Everyone’s first thought is to compare the two transactions. However, that’s a little naive for the following reasons:

  • Budweiser had been an American Icon for over a hundred and fifty years, and had been the largest brewery in the world for most of those years. Boulevard has been a Kansas City icon for almost 25 years now and is the 12th-largest craft brewery in America.
  • The 60-year-old founder of Boulevard said it was an “easy decision” and intends to remain with the new holding company in a big way for years to come. August Busch IV, CEO of AB at the time, was betrayed by the board (and his dad) after months of fighting off the takeover,  is no longer even a board member of the company his family ran for a hundred years, and has a major drug problem (allegedly).
  • InBev paid $52 billion for Anheuser-Busch. Billion. With a B. Mark it down as the largest cash transaction in history. Although numbers haven’t been released, the Boulevard deal will probably be more in the ballpark of the $40 million ABInBev paid for Goose Island in 2011. I can see it being about $100 Million, still about .2% of the AB-InBev deal. The actual amount probably won’t be released, though, as both companies are private.
  • No jobs will be lost in Kansas City (for the time being). About 6,000 jobs were lost nationwide in the years after the InBev deal. Budweiser needed to shed fat for a while, but it’s still undoubtedly a major blow to St. Louis and the entire country.
  • The InBev deal can be best described as a hostile takeover of a public corporation. The Boulevard deal seems more like a partnership between independent brewers for market expansion purposes.

Okay, great. So what do you think about this whole thing, David?

Glad you asked.

The Missourian in me is upset, the businessman in me is understanding, and the beer-lover in me is excited.

Yet another reason to make Missourians (especially Kansas Citians) upset. What company HQ’d in Missouri am I most proud of as a  right now? Express Scripts – meh. HR Block – whatever. Monsanto – sure. Scottrade – why not. Edward Jones – great. All amazing companies, but nobody you can brag about and really take pride in. It’s a big blow to morale for the state in my opinion. Yes, Boulevard isn’t leaving Kansas City. However, the next time I crack a Wheat open I’ll wonder how many cents are going to Belgium.

Business is Business. Deals get done. People get bought out. It’s hard to do any business without emotion, but when you have iconic brands at stake it’s even more difficult. As the soon-to-be CPA and future CEO of an amazingly creative start-up, it’s important to realize how the business cycle works. This deals looks amazing  for all parties involved. Boulevard gets ahold of an extensive distribution network otherwise unavailable. Organic expansion can be very difficult especially for an industry that involves  perishable and highly scientific goods.

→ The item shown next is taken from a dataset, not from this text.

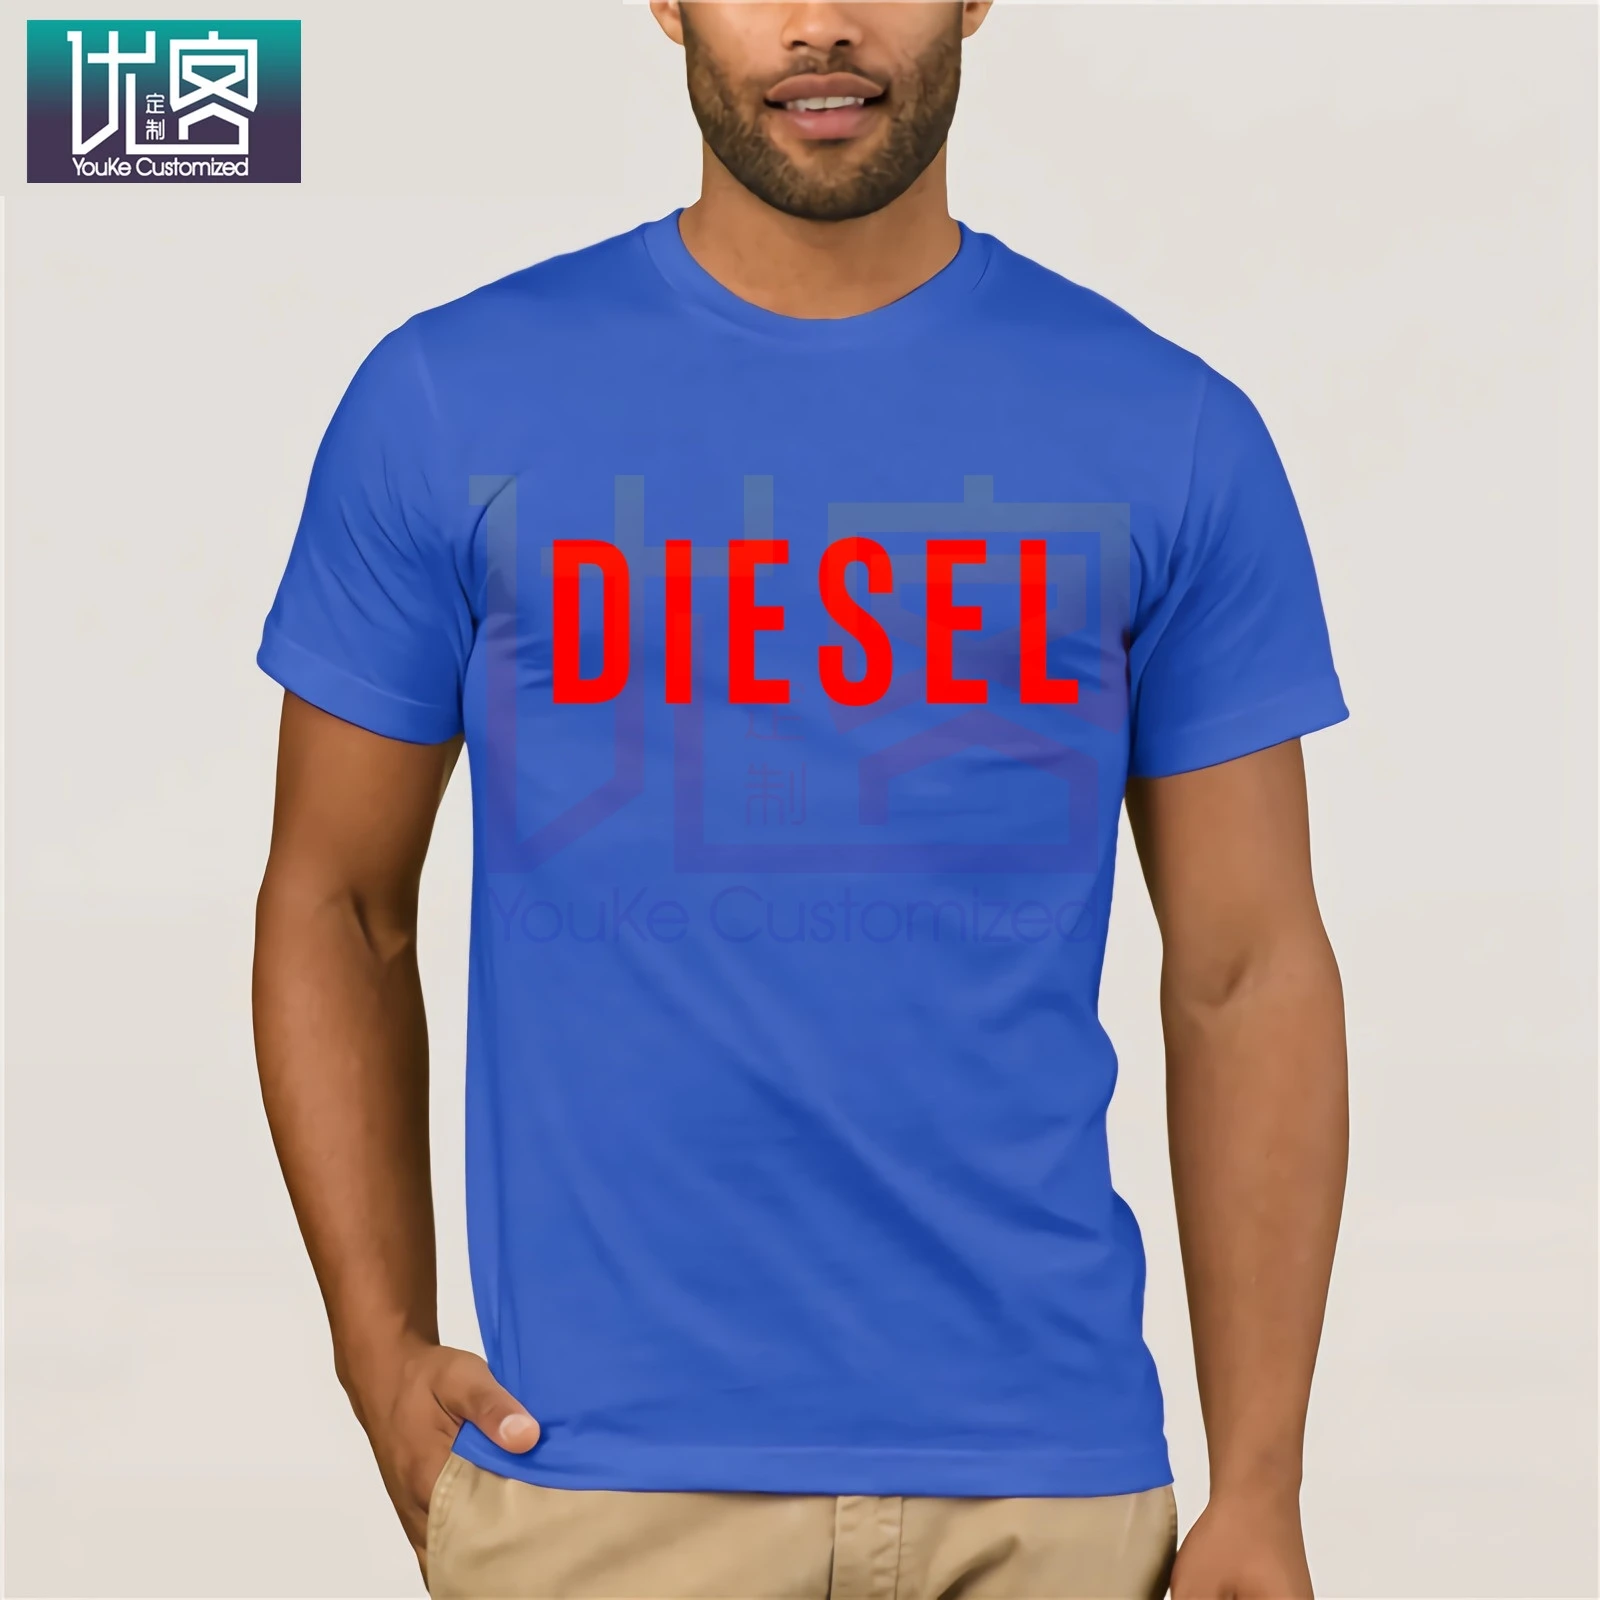 Diesel Putere Tricouri Haine Populare tricou Crewneck din Bumbac Tricouri Topuri de Vara Tricouri Bumbac Gât O Herre T-Shirt pentru Barbati Topuri

It’s overall a smart business deal for everyone involved (assuming a fair price).

Finally,

InBev wanted Anheuser-Busch because of the brand. Duvel wants Boulevard because of the beer. 

How exciting is this for craft brewers in America? Over are the days of American beers being called “piss water” (I’ve studied abroad, that’s what foreigners call Coors, Miller, and Bud). Craft brewers in America are gaining respect overseas from Belgians, Czechs, Germans, and everyone. Boulevard isn’t even delivered to half of the country currently, and yet…

A Boulevard Wheat being poured out of a European tap is no longer a question of if, it’s a question of when.

That’s pretty exciting as a Missourian, businessman, beer-lover, and American American.

That’s what I think I think.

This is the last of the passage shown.